Andrew Pinnock (born March 12, 1980) is an American former professional football player who was a fullback in the National Football League (NFL). He played college football for the South Carolina Gamecocks and was selected by the San Diego Chargers in the seventh round of the 2003 NFL draft.

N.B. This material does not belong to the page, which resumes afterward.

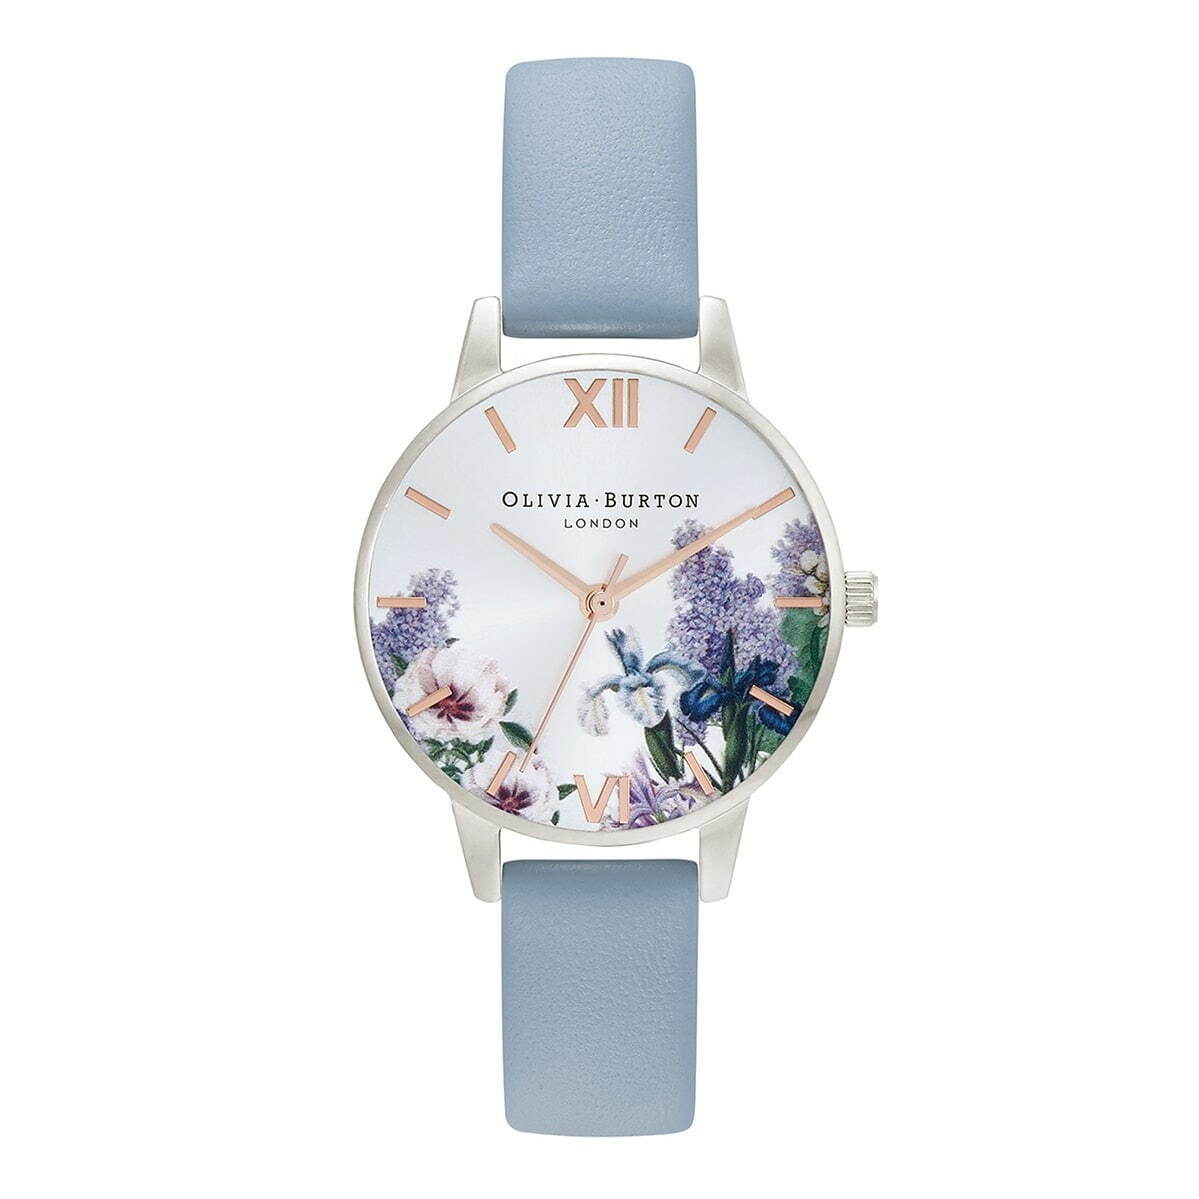 オリビア・バートン“秘密の花園”を表現したウィメンズ腕時計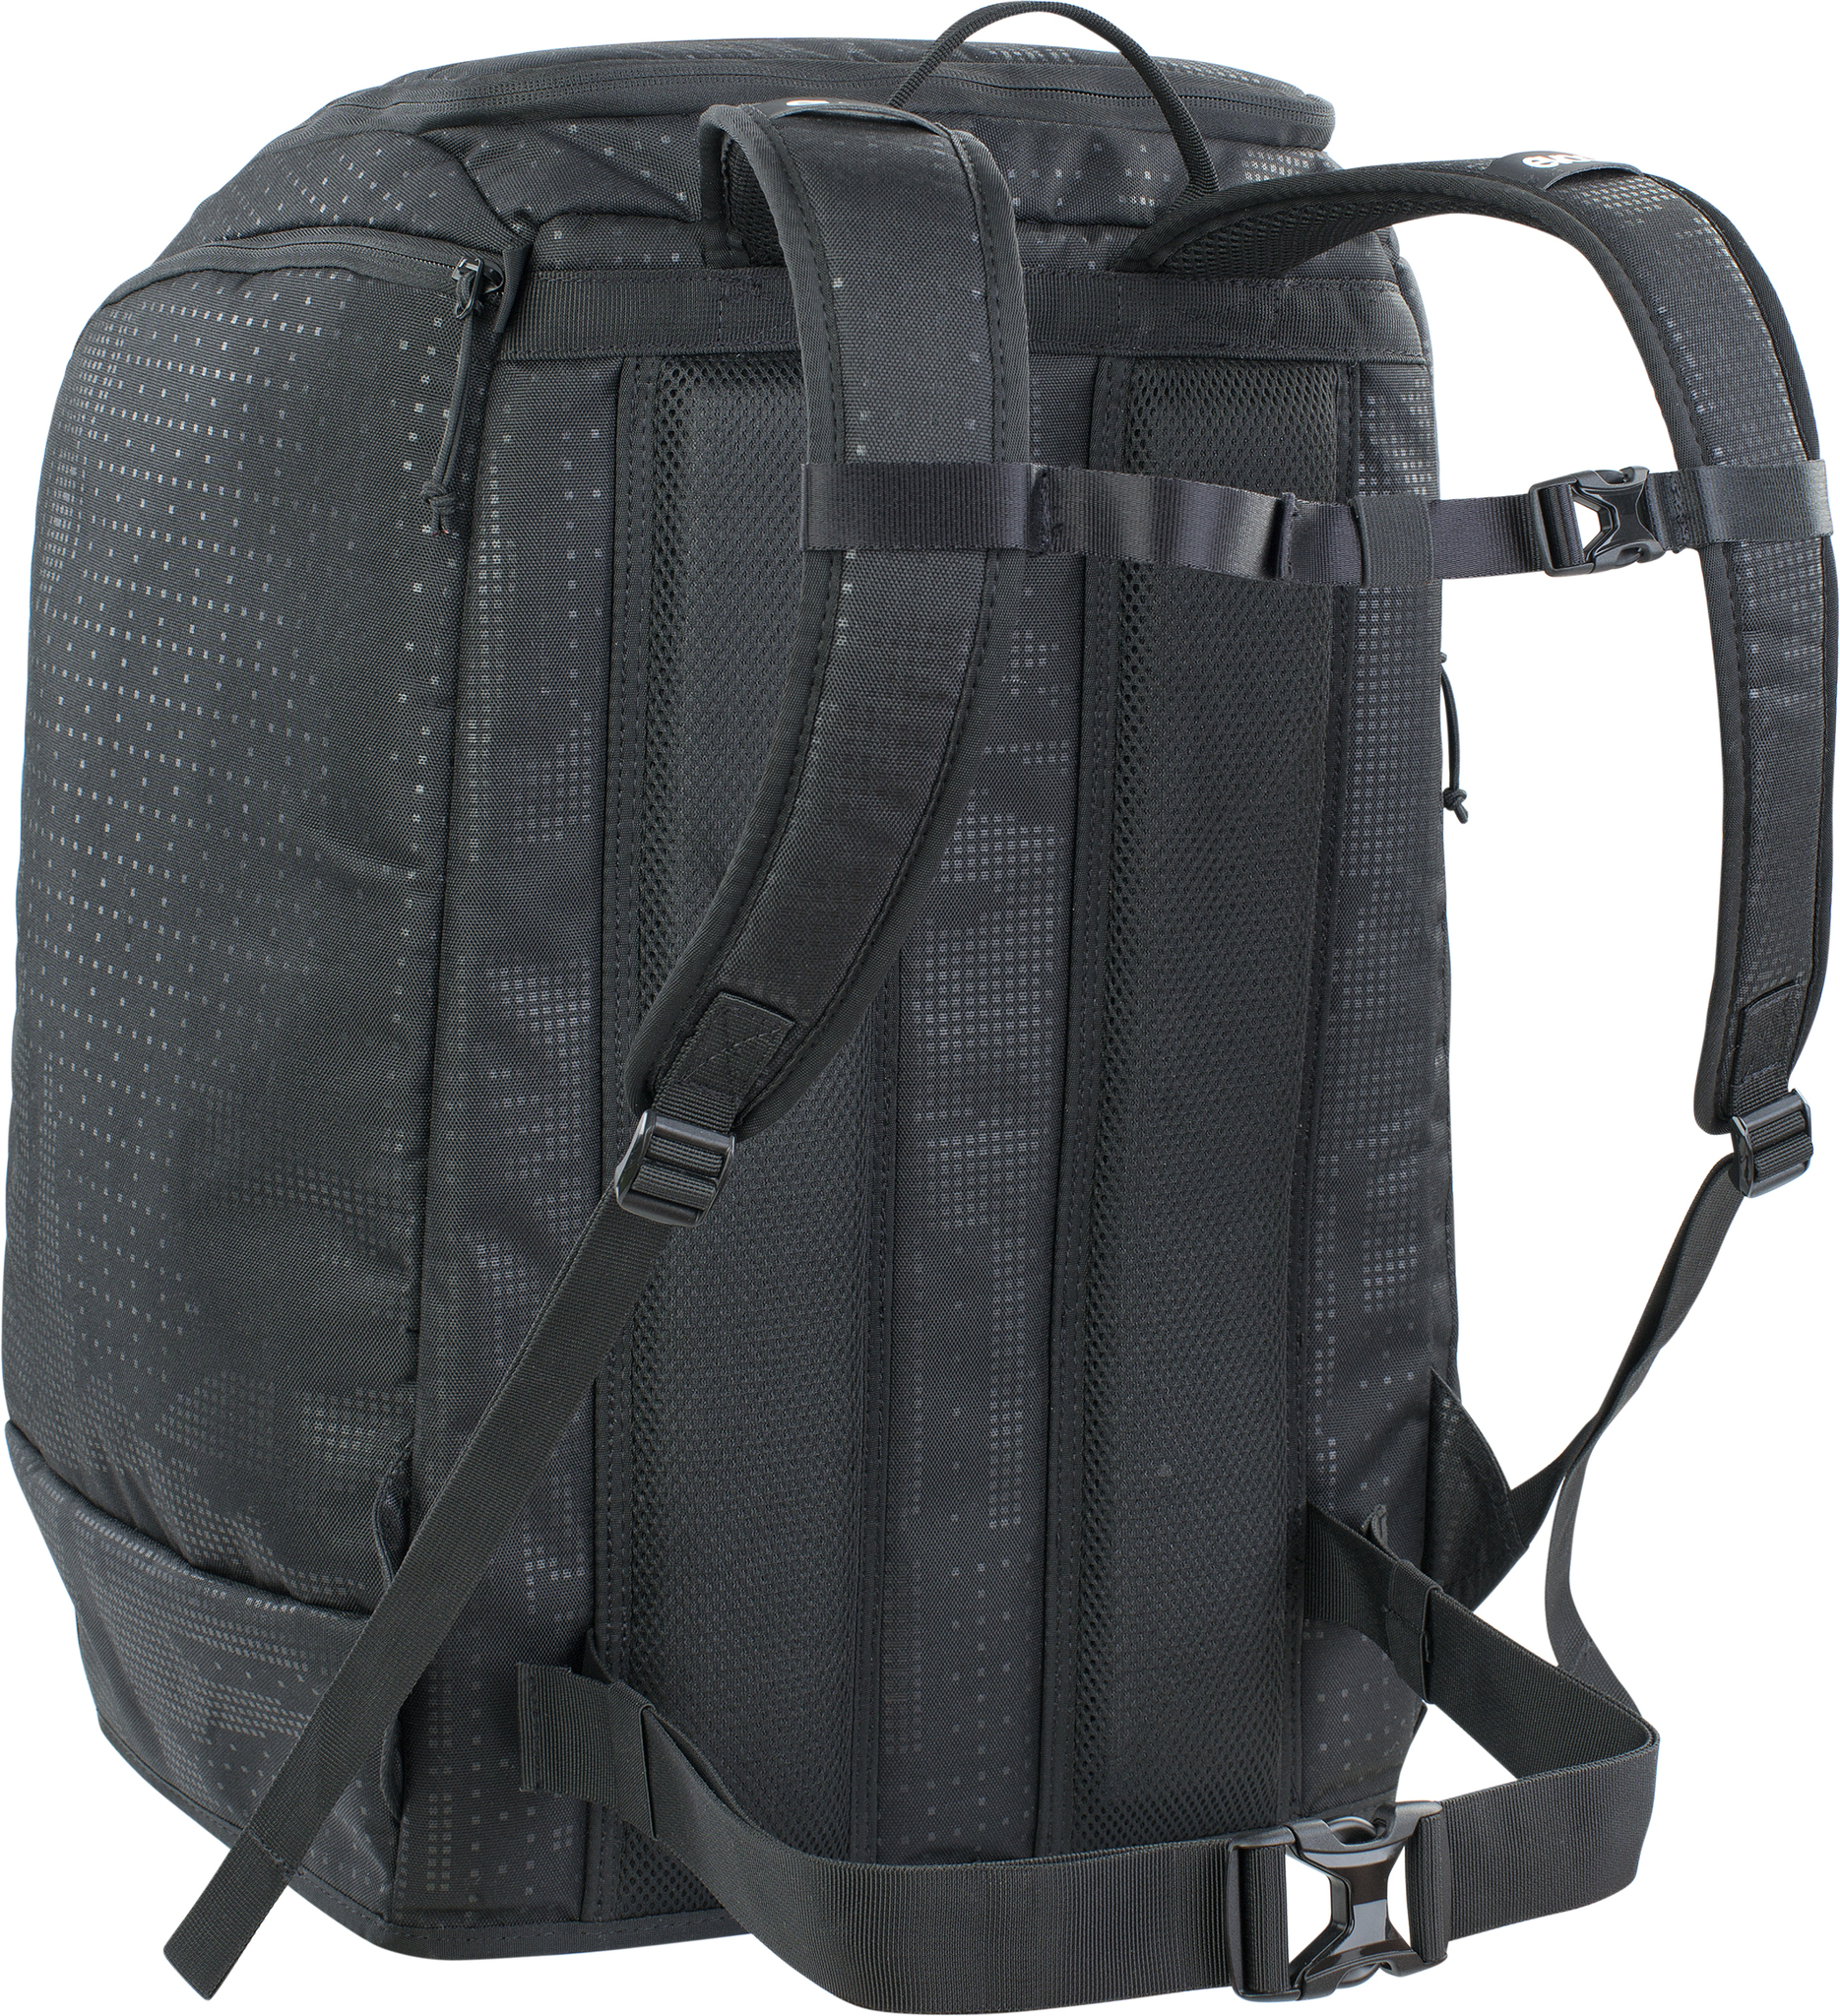 Evoc Gear Backpack 60

Pinnock also played for the Denver Broncos and Florida Tuskers.

==Early life==
Pinnock attended Bloomfield High School in Bloomfield, Connecticut, and was a letterman in football. As a senior, he was named the 1998 Mr. Football for the state of Connecticut, and also won All-State and All-District honors. 1998. While there, he was a teammate of the Indianapolis Colts defensive end, Dwight Freeney.

==College career==
Pinnock played college football at the University of South Carolina for legendary coach Lou Holtz where he was a standout running back/fullback from 1999-2003.

==Professional career==

===San Diego Chargers===
Pinnock was selected by the San Diego Chargers in the seventh round (229th overall) of the 2003 NFL draft. He then served as a special team player and backup to Pro Bowler Lorenzo Neal. He was released on September 1, 2008.

===Denver Broncos===
Pinnock was signed by the Denver Broncos on November 26, 2008. He was released on April 29, 2009.

===Florida Tuskers===
Pinnock played in six games, starting five, for the Florida Tuskers in 2009. He caught five passes for 17 yards and one touchdown and rushed four times for five yards and one touchdown. He also recorded one solo tackle and one assisted tackle.